Design/methodology/approach
This paper discusses how the Families Share approach (CAPS project, Horizon 2020) is bringing the sharing economy to childcare. Families Share developed a co-caring approach and a co-designed digital welfare platform to support parents with sharing time and tasks related to childcare, after-school and leisure activities. Families Share conducted two iterative pilot experiments and related socio-economic evaluations in six European cities. More than 3,000 citizens were engaged in the co-design process through their local community organizations and more than 1,700 parents and children actively experimented with the approach by organizing collaborative childcare activities.

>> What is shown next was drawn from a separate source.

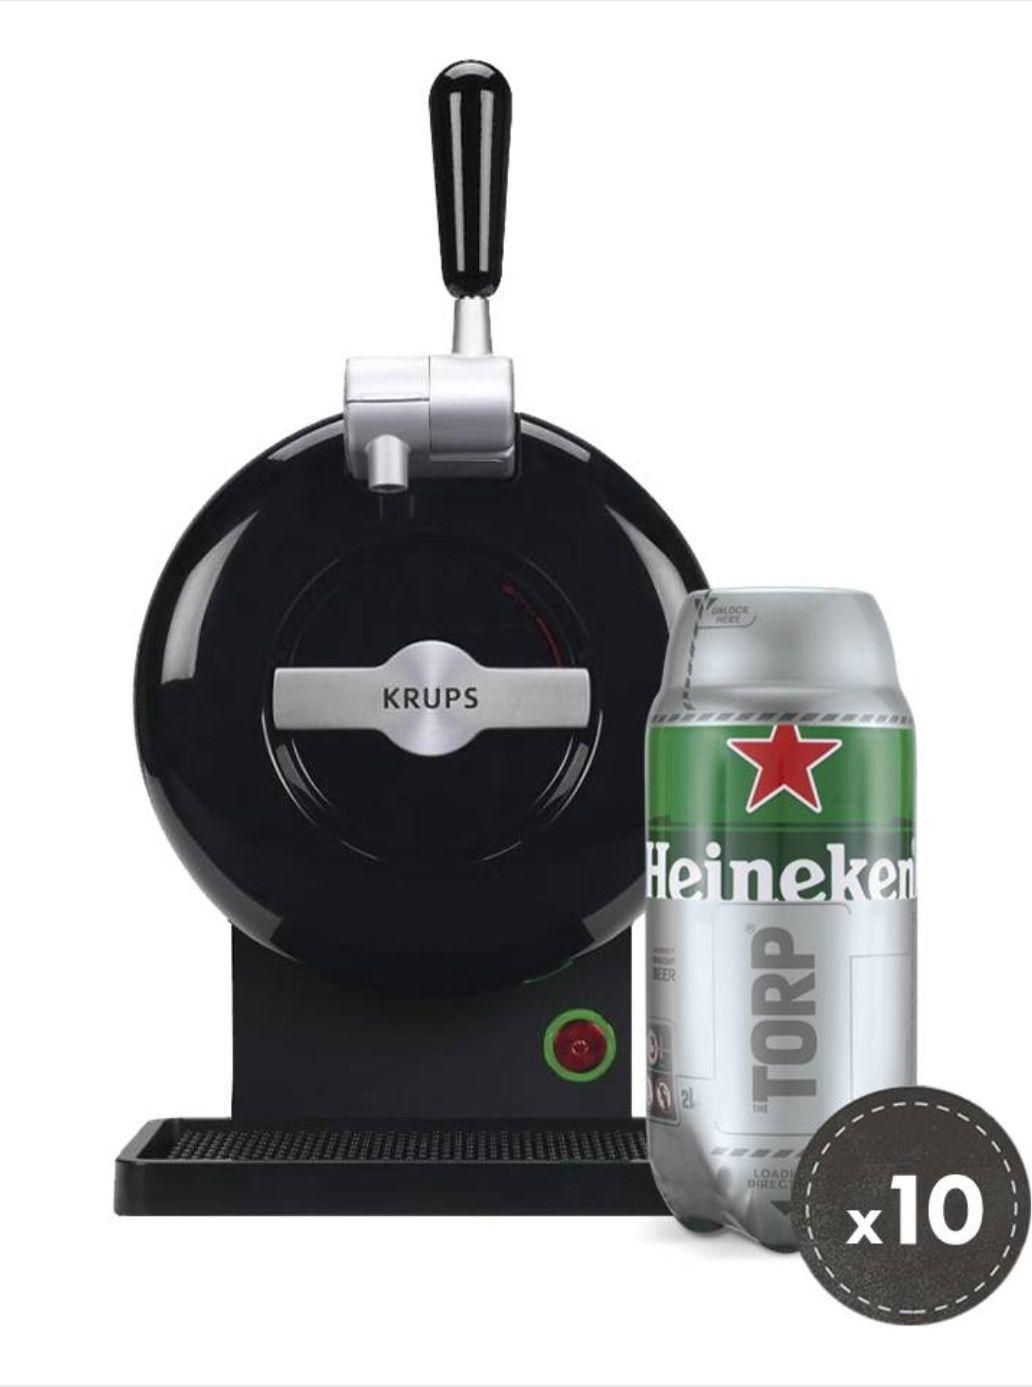 The Sub in verschiedenen Farben + 10 Torps(20 Liter) Heineken MHD:30/04/2018
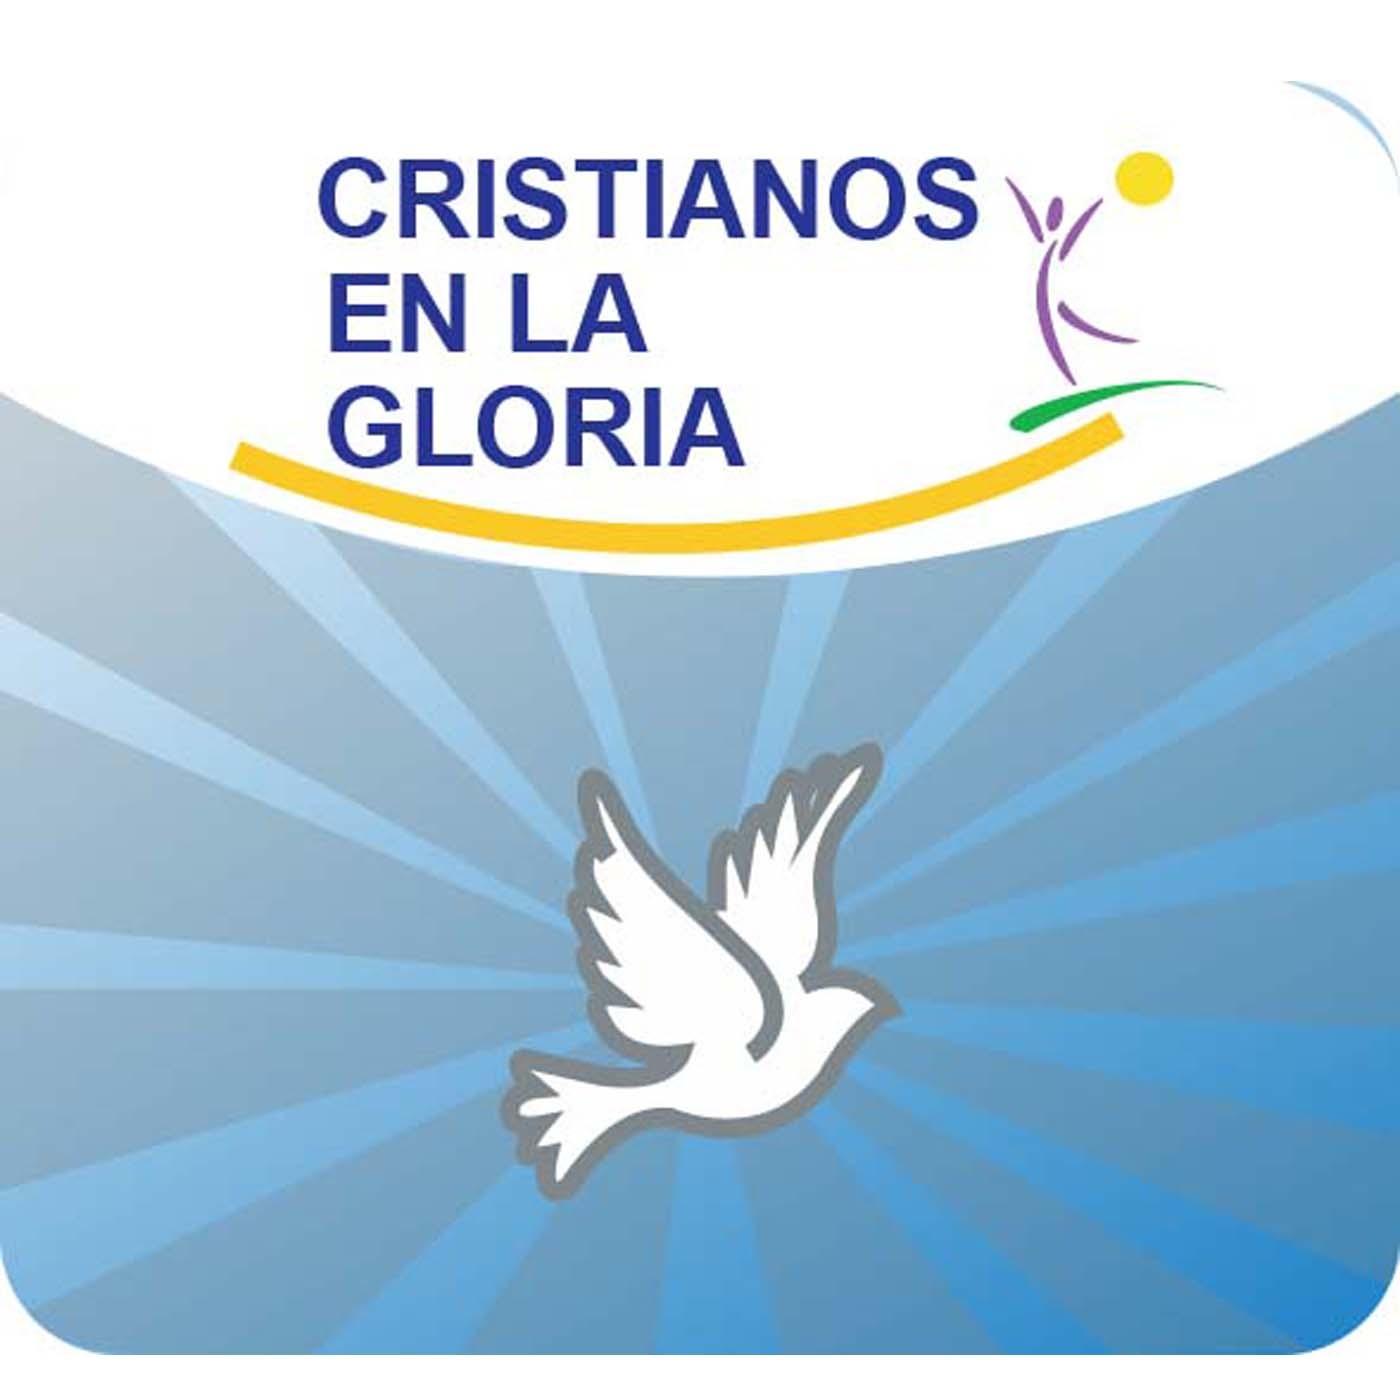 CRISTIANOS EN LA GLORIA

The authors discuss the challenges and solutions of co-designing a socio-technical approach aimed at facilitating socially innovative childcare models, and how the Families Share approach, based on technology-supported co-production of childcare, may provide a new sustainable welfare model for municipalities and companies with respect to life––work balance.
Findings
The authors discuss the challenges and solutions of co-designing a technological tool aimed at facilitating socially innovative childcare models, and how the Families Share approach may provide a new sustainable welfare model for municipalities and companies with respect to work–life balance.
Originality/value
As a main difference with state-of-the-art proposals, Families_Share is aimed to provide support to networks of parents in the organization of self-managed activities, this way being orthogonal with respect either to social-network functionalities or to supply and demand services. Furthermore, Families_Share has been based on a participative approach for both the ICT platform and the overall structure.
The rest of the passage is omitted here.